GIVEN INFORMATION:

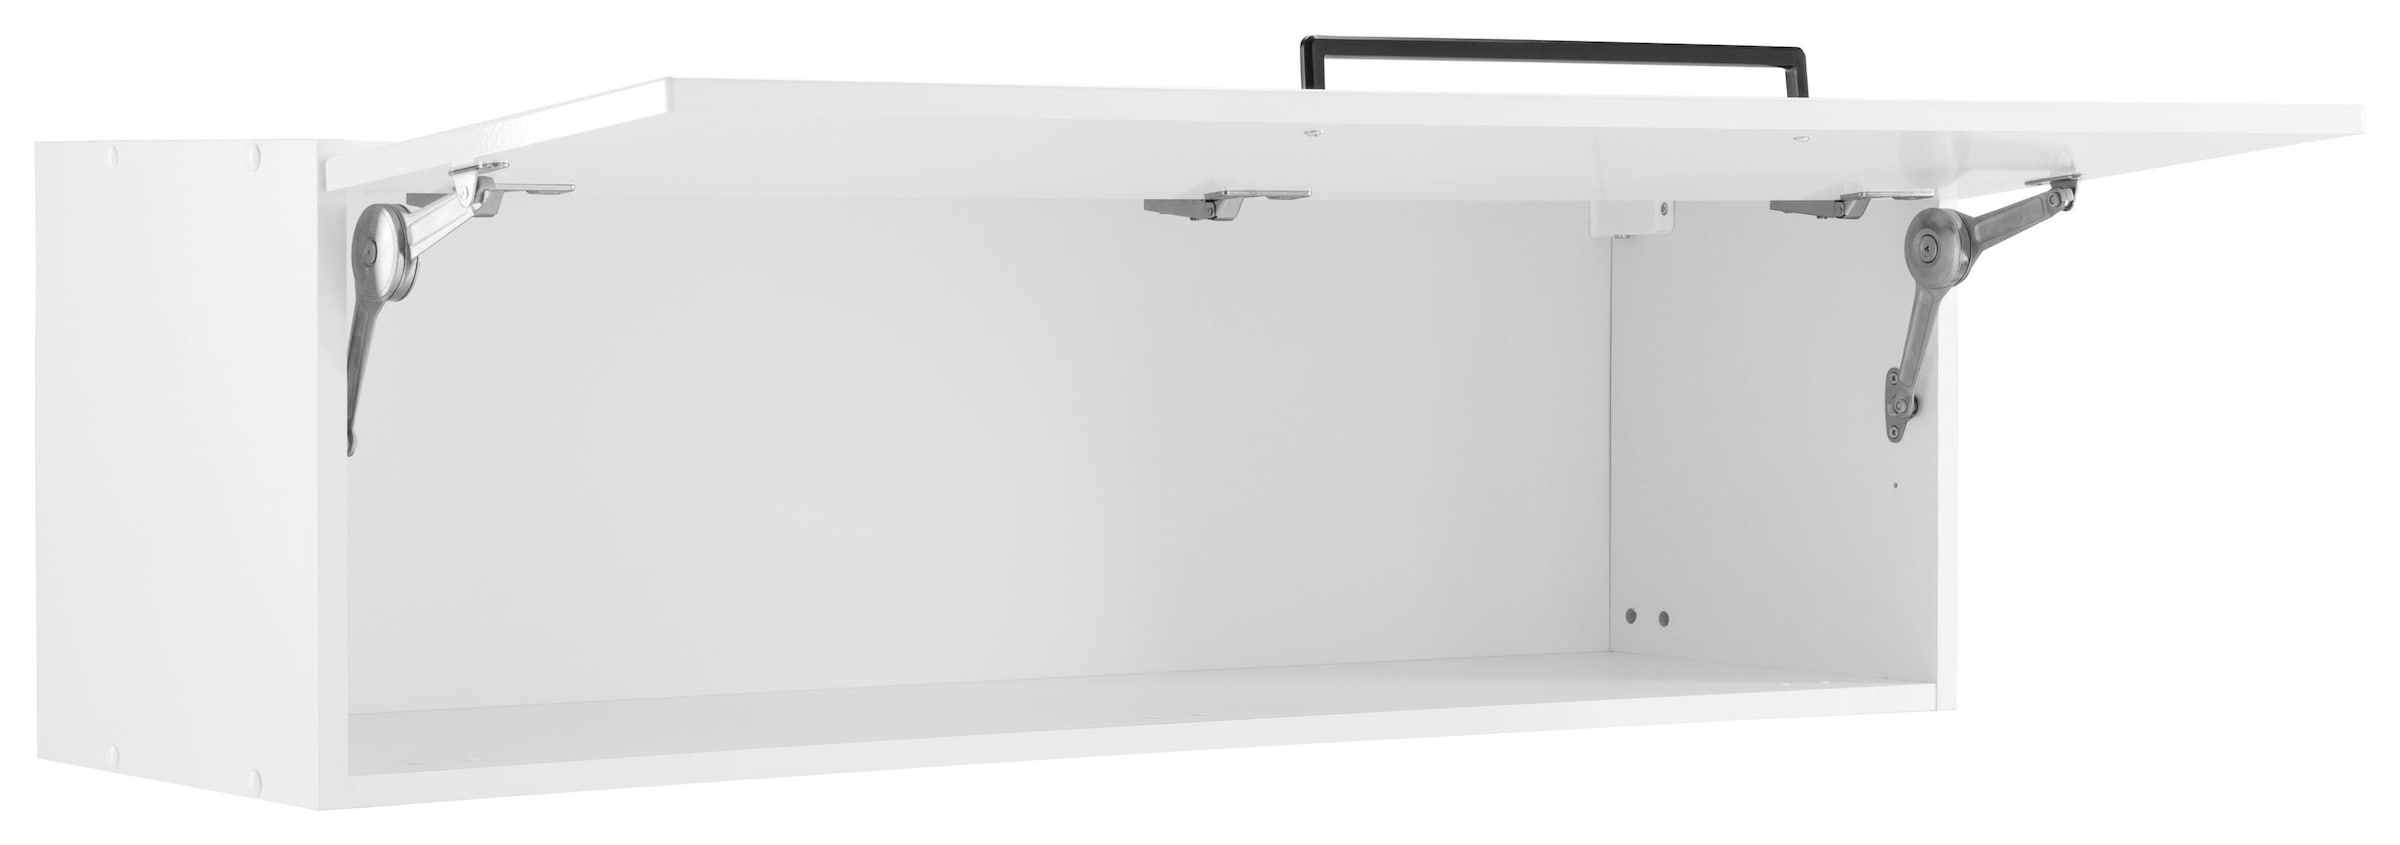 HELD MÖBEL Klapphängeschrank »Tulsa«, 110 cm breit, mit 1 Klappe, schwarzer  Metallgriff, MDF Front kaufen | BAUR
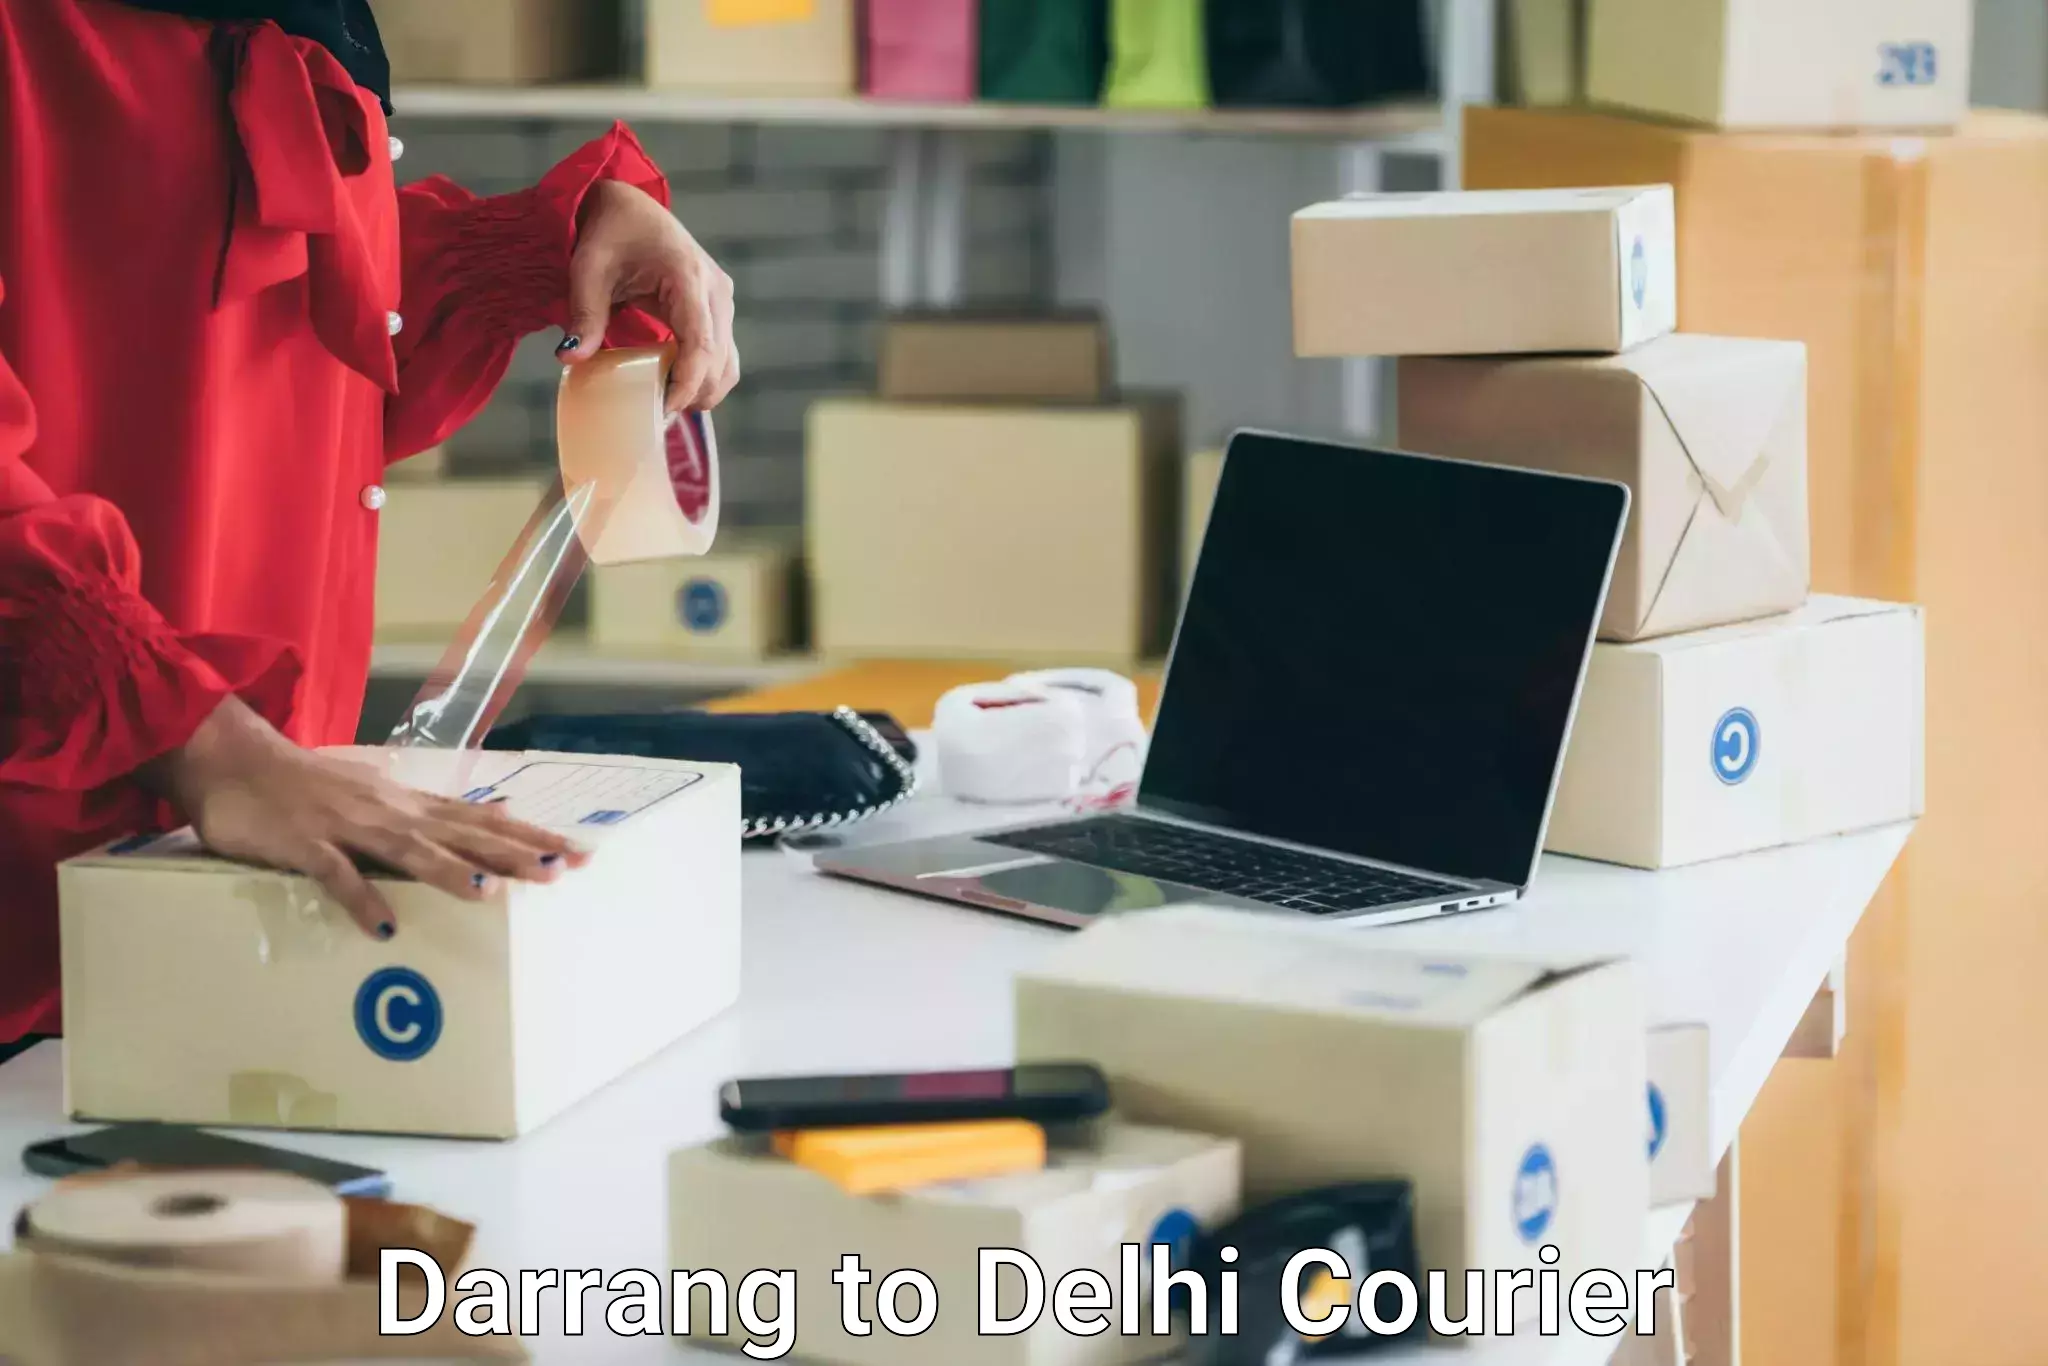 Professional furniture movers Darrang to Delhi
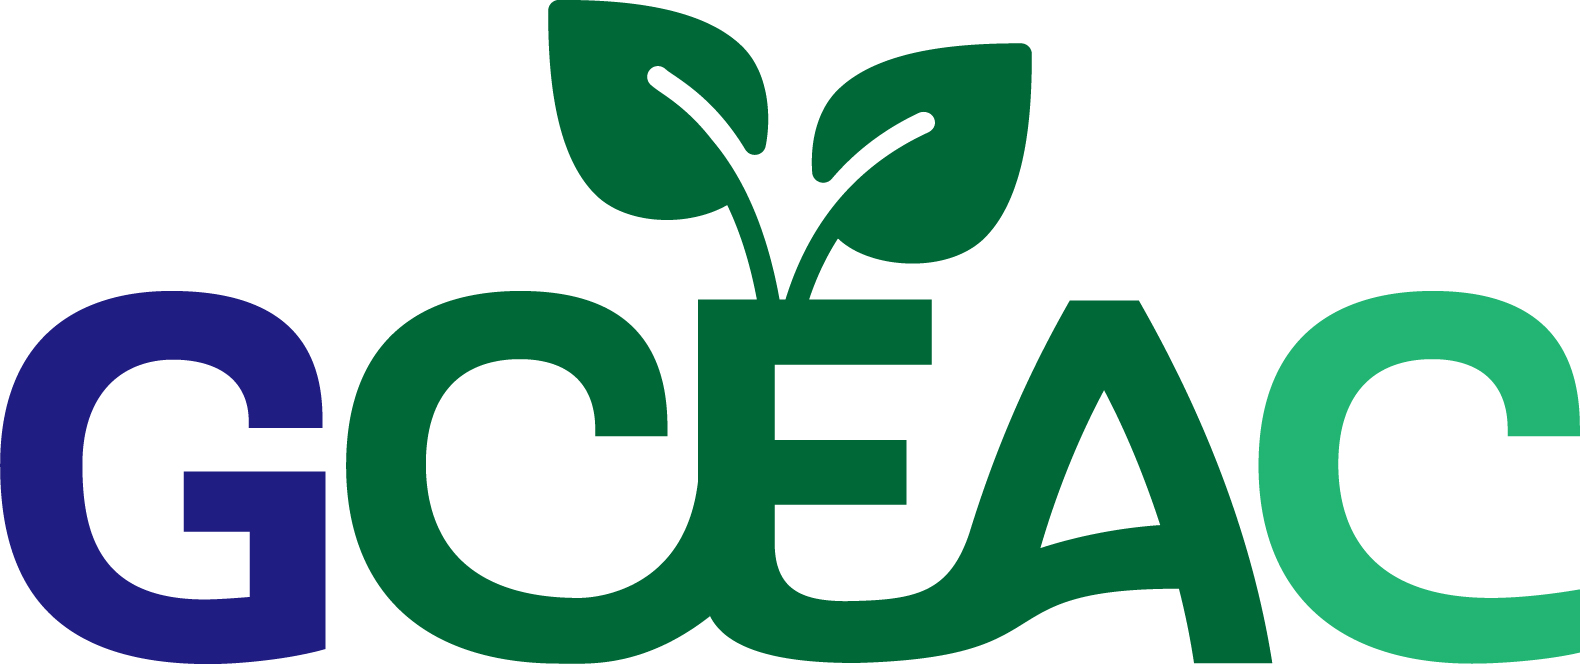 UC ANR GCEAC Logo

WHAT IS EXPECTED: Before you return the listing exactly, strip out its pictures.

RESULT OF THE EXERCISE:
 HELD MÖBEL Klapphängeschrank »Tulsa«, 110 cm breit, mit 1 Klappe, schwarzer  Metallgriff, MDF Front kaufen | BAUR
 Professional furniture movers Darrang to Delhi
 UC ANR GCEAC Logo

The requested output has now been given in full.